Why Burton
The Marmite factory has been on the same Burton-on-Trent site since 1902. It was not, you will be relieved to hear, chosen at random. Burton in the late nineteenth century was the centre of the British brewing industry, home to Bass, Worthington, Ind Coope and most of the other names you have ever read off the back of a beer mat in a Victorian pub.
Brewing produces large quantities of leftover spent yeast as a by-product. That spent yeast is the raw material for Marmite. So when the Marmite Food Company was set up in 1902, the founders did the sensible thing and put the factory directly next to the breweries that would supply the yeast. The factory occupied a disused malt house. The supply chain was, more or less, a short walk down the road.
That logic still holds, in slightly modified form. The breweries are mostly different now, the Bass brewery itself has long since shrunk, but the spent-yeast supply still comes locally and the factory still occupies broadly the same footprint.
The smell of the town
If the wind is in the right direction, the air in central Burton smells of Marmite. Faintly. Yeasty, savoury, slightly biscuity. It is the same way that towns near coffee roasters smell of coffee, or towns near bakeries smell of bread.

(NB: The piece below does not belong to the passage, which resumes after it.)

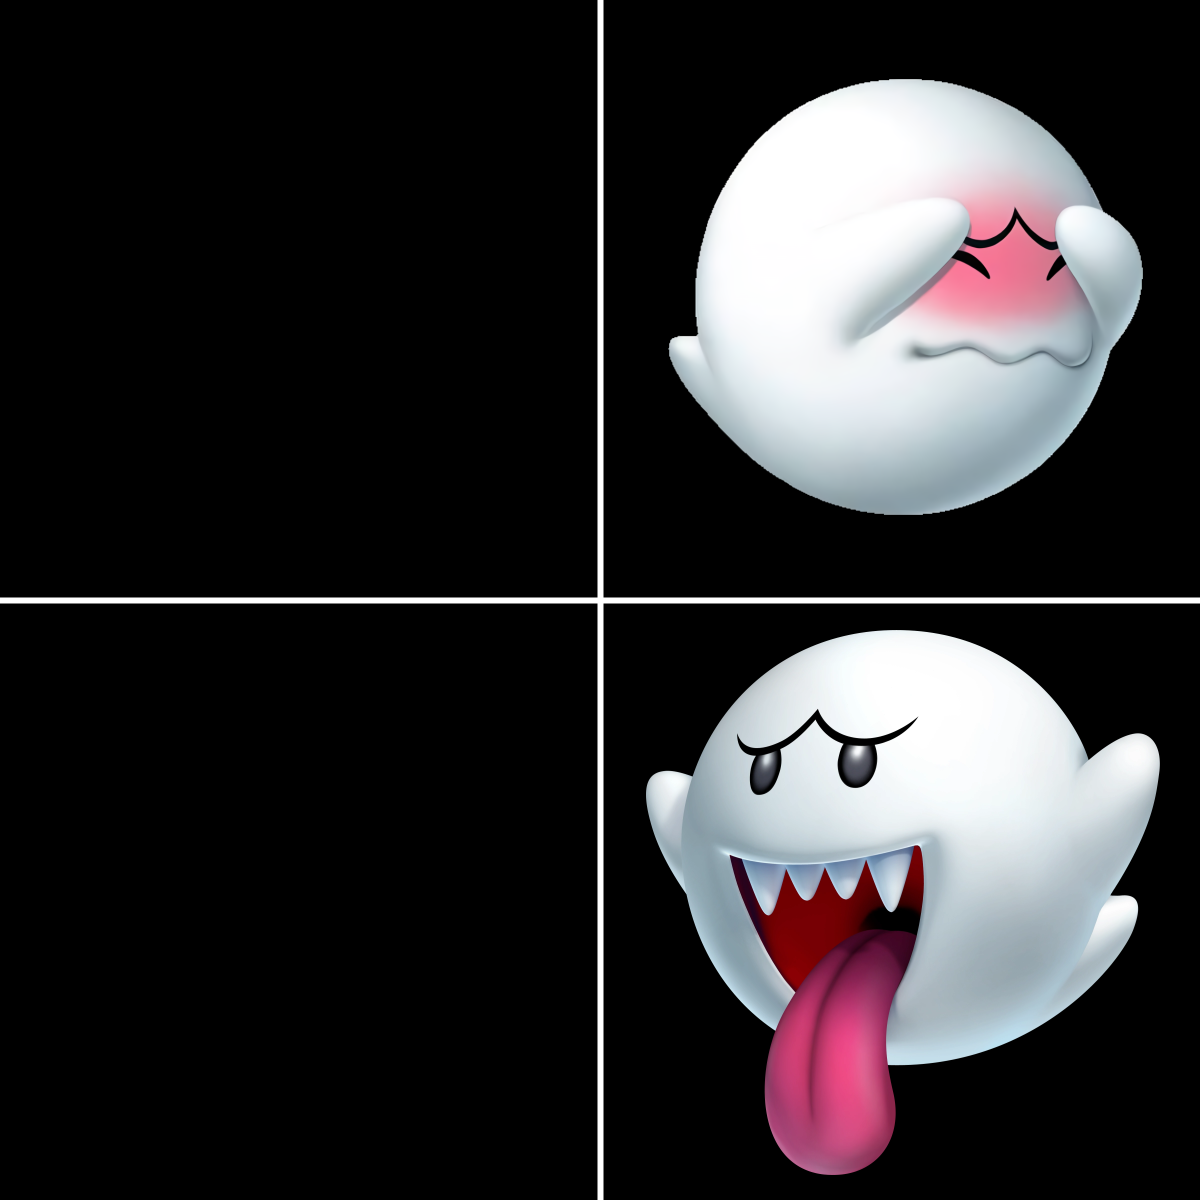 High Quality Drake alternative with Boo ghost from Super Mario (right, dark) Blank Meme Template

I have been to Burton a few times. The smell is real. Locals are mostly used to it and stop noticing within a few days of moving in. Visitors notice immediately and either find it pleasant (Love Party) or off-putting (Hate Party).
If you want to do the pilgrimage, the factory itself is not generally open to the public, but the town is small enough to walk around easily, and Burton has a decent National Brewery Centre that is worth a couple of hours of your time.
The process, very briefly
The spent yeast arrives at the factory. It is autolysed (the yeast cells self-digest using their own enzymes, which is a real and slightly unsettling biology word for what is essentially “letting the yeast eat itself”). The liquid that results is filtered, concentrated, and seasoned with the secret blend of vegetable extracts, salt, and spices that make Marmite Marmite.
The exact recipe is closely guarded. There are obviously plenty of Marmite-style yeast extracts on the market (see the global variations on the global variations), but none of them tastes exactly like Burton Marmite, and the difference is mostly in the seasoning blend that the Burton factory has held onto since the early twentieth century.
What happens to the factory next
This is the question that has been hanging over Burton since the McCormick-Unilever sale process kicked off (see the Unilever sale-process story from November 2025, and the McCormick deal in March 2026). A new owner buying the brand will, at some point, decide whether to keep producing in Burton or whether to consolidate production elsewhere.
Burton is roughly two hundred and forty jobs at the factory. The town has been making Marmite for a hundred and twenty-three years. The factory is, in a real sense, the brand. Moving production elsewhere would be culturally vandalising even if it made commercial sense.
McCormick’s public language has been about “long-term manufacturing agreements”, which sounds reassuring but is the same language Mondelez used about Cadbury’s Bournville plant before they substantially scaled it back. Burton should be watching closely.
For now, the factory hums, the smell drifts on the right wind, and the spent yeast keeps arriving from the breweries down the road. Long may it continue.